She prays that the Court declare G.S. 115-142 unconstitutional; that an injunction issue requiring the defendants to consider the renewal of the plaintiff's contract in the good faith exercise of their statutory discretion and duties; that an injunction issue requiring the defendants to provide the plaintiff with notice of the decision to terminate her contract; that they be required to provide her with a hearing before the County Board of Education and to cause a record of such hearing to be made reflecting the evidence for and against the plaintiff and the reasons for the decision of the board; and that she recover judgment for damages in varying amounts, depending upon whether or not part or all of the requested injunctive relief be granted.

The defendants allege in their answer that the County Board of Education gave to the plaintiff full, adequate and legal notice, as required by statute, of the decision not to renew her contract, and allege that no right of the plaintiff under the Constitution or laws of the United States, or of this State, has been violated.

The parties stipulated that the plaintiff was employed as a public school teacher in the Buncombe County School System for the academic year 1964-1965 and each academic year thereafter, through the academic year 1968-1969; that she served in such employment during the year 1968-1969; that on or before the last day of the 1968-1969 academic school year, the County Board of Education determined and, through the County Superintendent of Schools, informed the plaintiff that her contract would not be renewed for the following academic school year, such notice being given by registered mail; and that the plaintiff was not given a hearing by the County Board of Education concerning the termination of the contract.

The written contract between the County Board of Education and the plaintiff, executed in May 1967, was in the prescribed form.

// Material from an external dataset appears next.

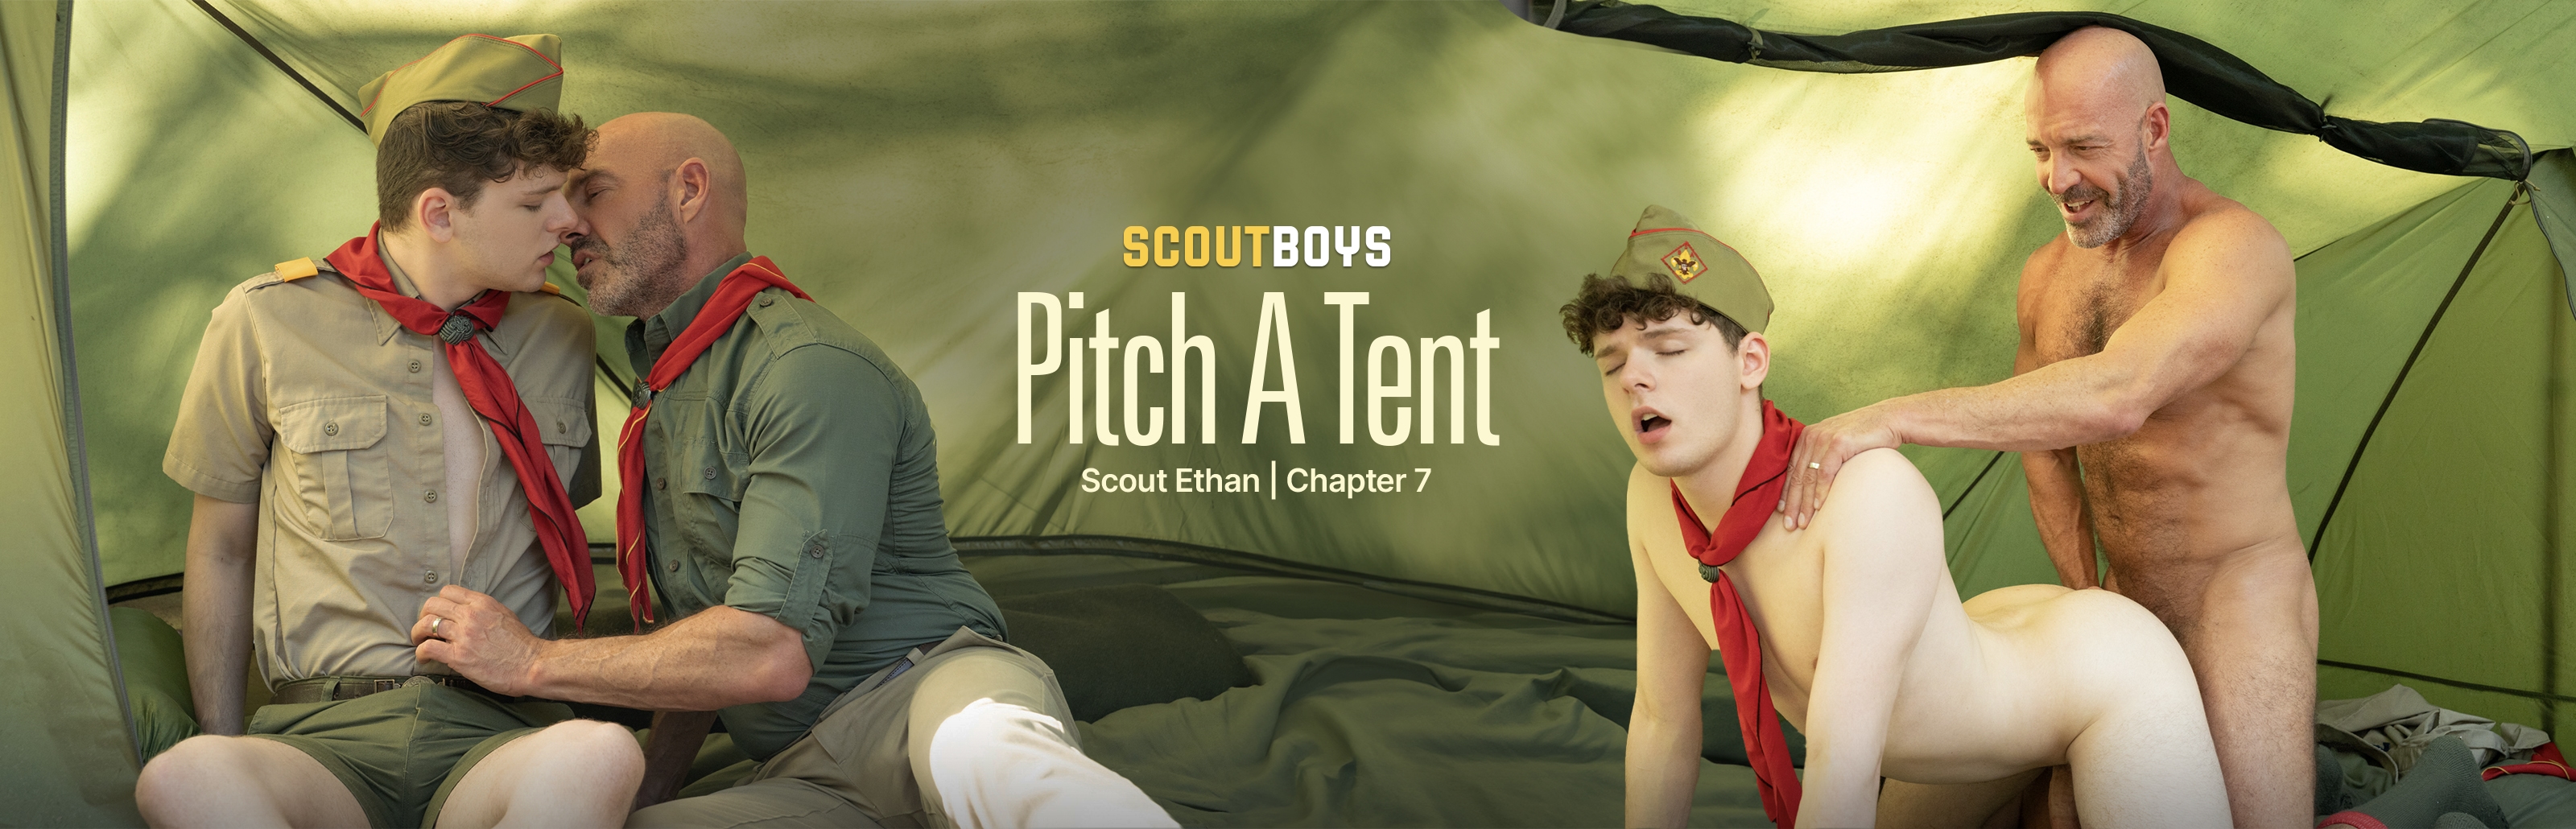 Pitch A Tent | SCOUT ETHAN | Chapter 7 Photos 97

It did not specify a termination date. It provided that it was entered into "in accordance with and subject to the provisions of the school law applicable thereto;" that the plaintiff agreed "to discharge faithfully all the duties imposed * * * by the Laws of North Carolina and by the rules and regulations of the [County] Board of Education;" that the Board of Education promised to pay the plaintiff "for services rendered during the life of this contract;" and that "assignments to duties will be made by the superintendent of schools."

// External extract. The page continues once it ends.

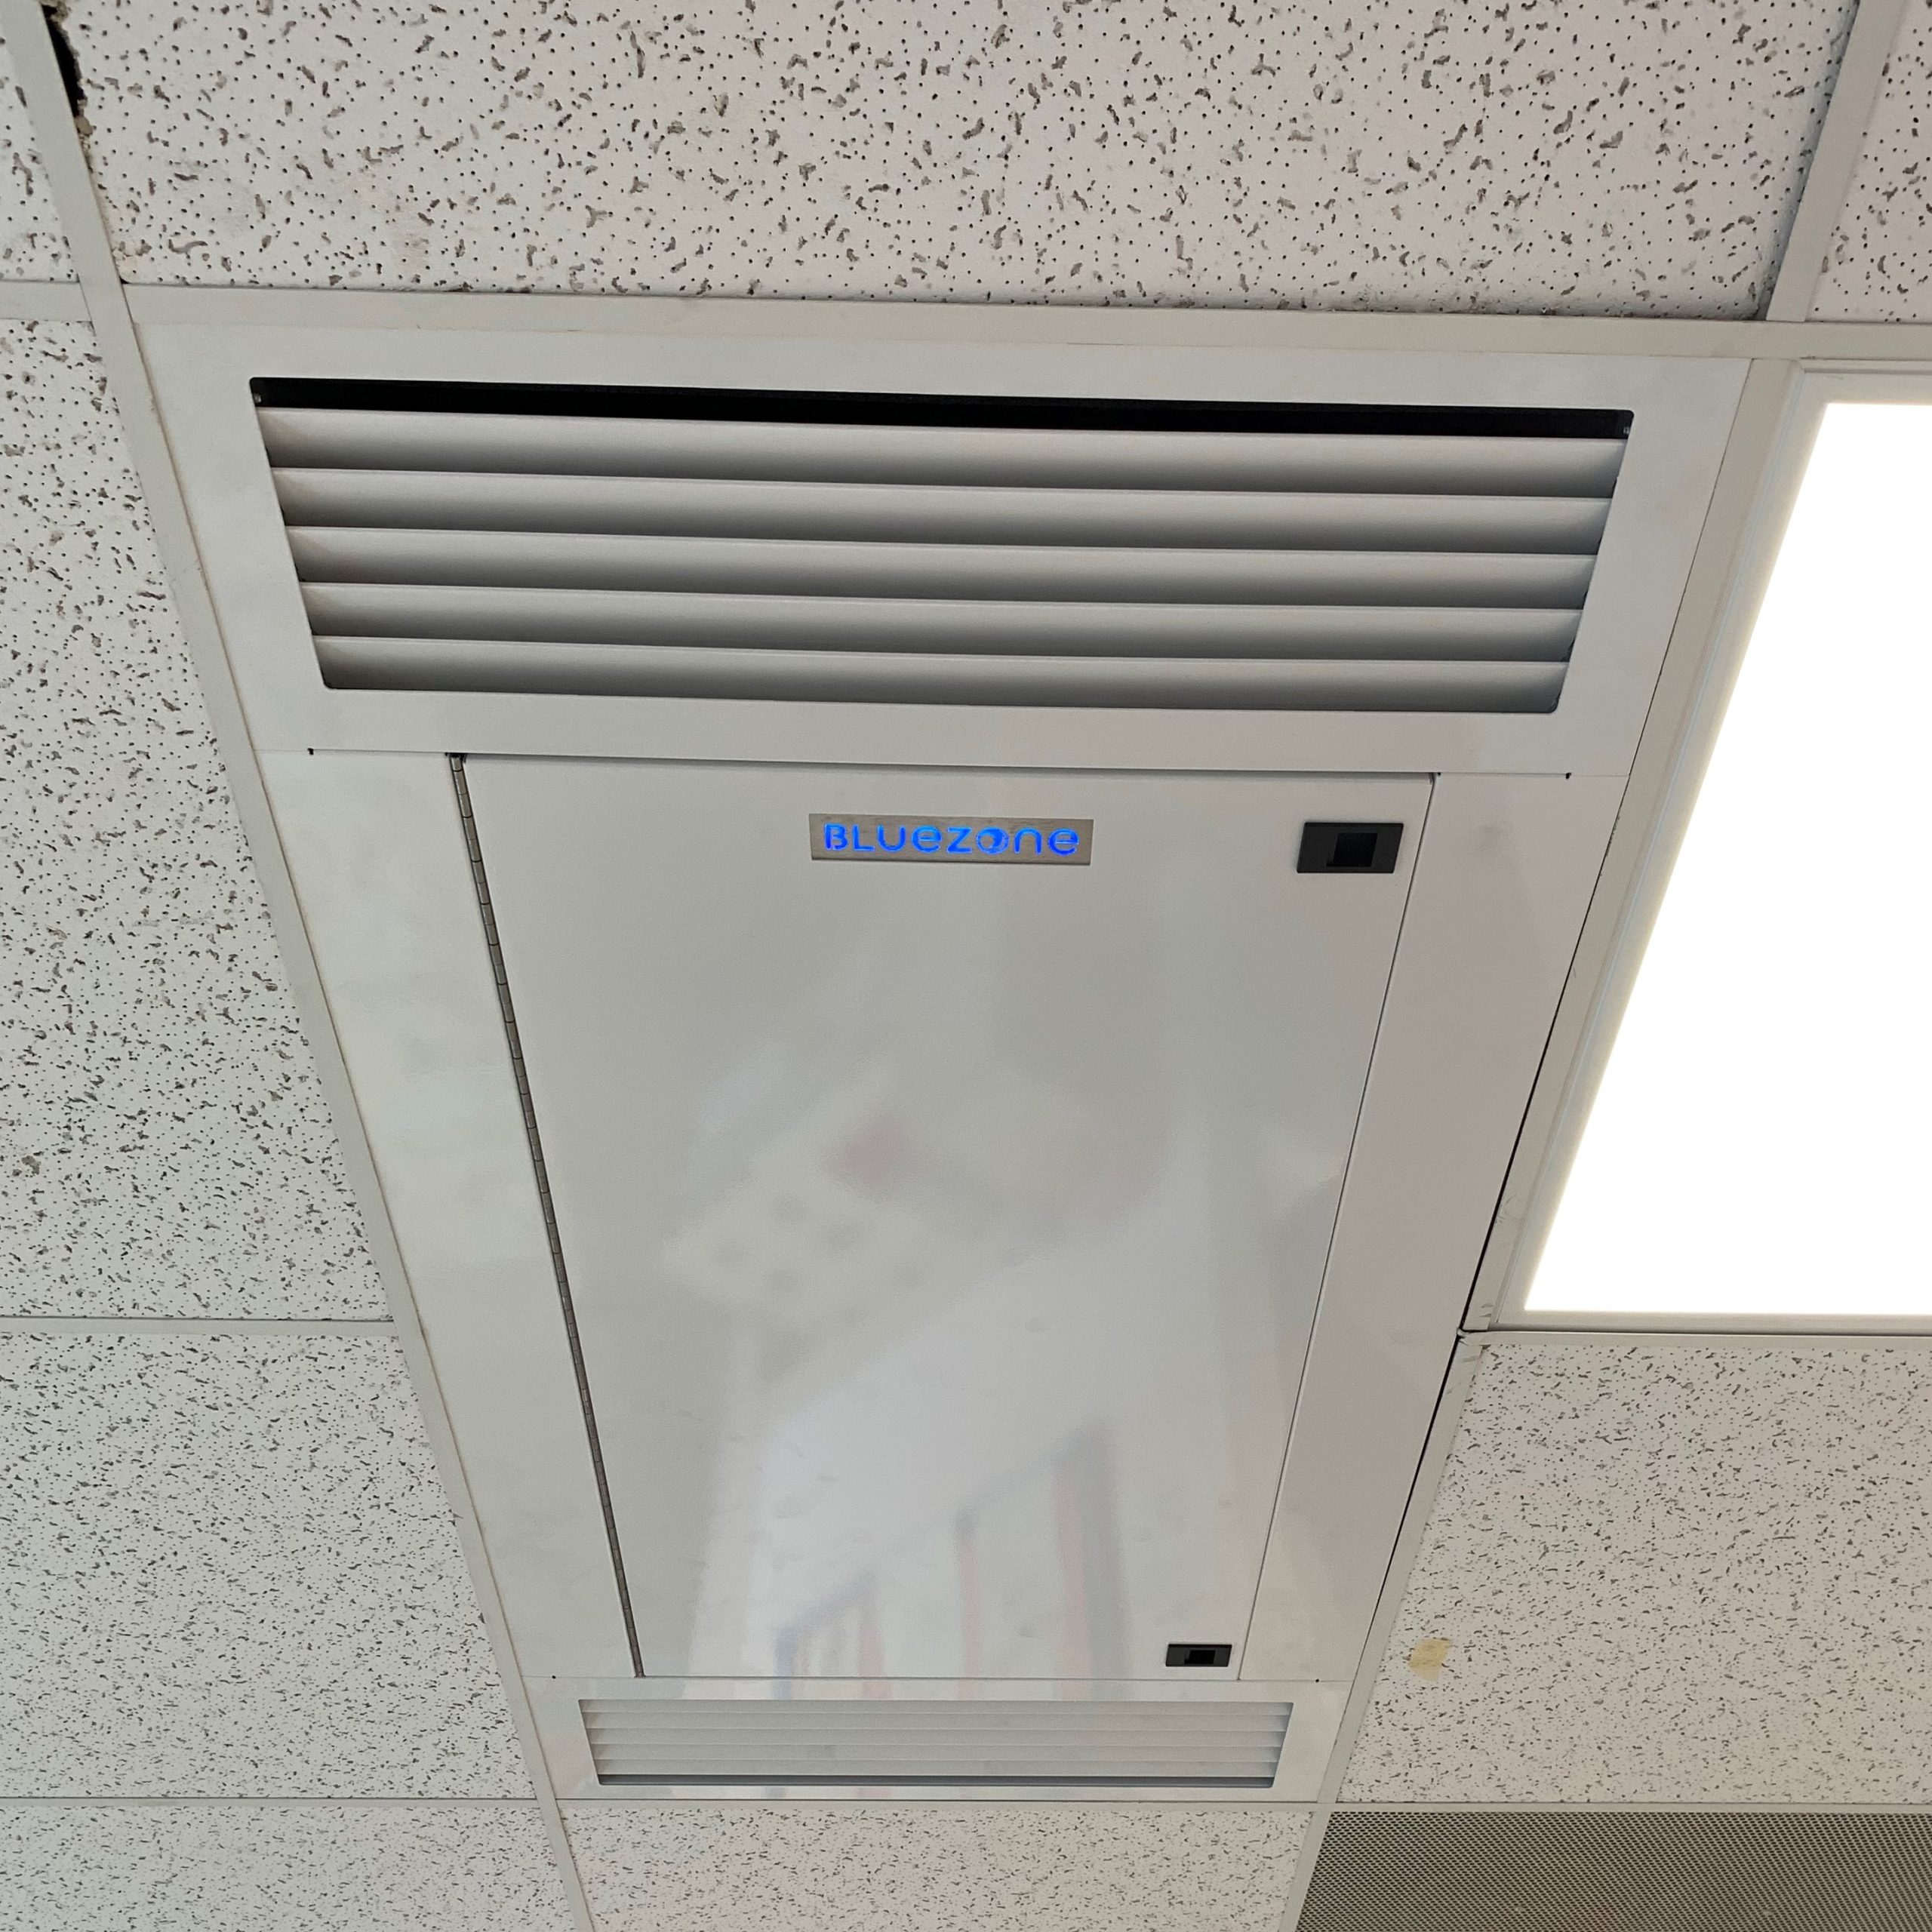 Bluezone air cleaner installed at DVCC

The plaintiff moved for summary judgment, asserting that there is no genuine issue of material fact between the parties, except as to the nature of the relief to which she is entitled, and that she is entitled to judgment as a matter of law. The defendants also moved for summary judgment, asserting that there is no genuine issue of any material fact and that they are entitled as a matter of law to a judgment dismissing the action.

The parties further stipulated that the defendants did not submit to the plaintiff at any time (i.e., prior to the institution of this action), either orally or in writing, any statement as to the reasons for the termination of her employment; and that the plaintiff mailed to the chairman of the District School Committee a letter requesting that the reasons for such termination be given, and mailed to the chairman of the County Board of Education a letter requesting that she be granted a hearing upon the termination of her contract, the defendants not denying that these letters were received.

In response to the plaintiff's request for admissions, the defendants denied that the board had no reason for terminating the plaintiff's contract at the end of the 1968-1969 school year and denied that its sole reason for so terminating it was that she was the wife of Joseph R. Still, whose contract was also terminated. In explanation of its latter denial, the defendants asserted that the contract of the plaintiff's husband, who had been employed by the County Board of Education as a music teacher and band director at the same time and at the same school at which the plaintiff was employed as a teacher, was not renewed at the end of the 1968-1969 school year and, since the likelihood was that he would obtain employment elsewhere and the plaintiff would probably find employment within the next school year at the same place, the plaintiff's contract was not renewed so that the County Board of Education would have an opportunity to hire a replacement for the plaintiff whose employment would likely be more permanent and would not be interrupted during the next school year. In further explanation, the defendants asserted that the plaintiff was teaching outside the field for which she held a certificate, having been allowed to do so solely as a convenience to her and to her husband, thus allowing them to teach at the same school, which reason ceased to apply when the employment of the plaintiff's husband was not continued, and that by terminating the plaintiff's employment, the board would have the opportunity to hire a replacement who held a certificate in the particular field in which such teacher would be employed.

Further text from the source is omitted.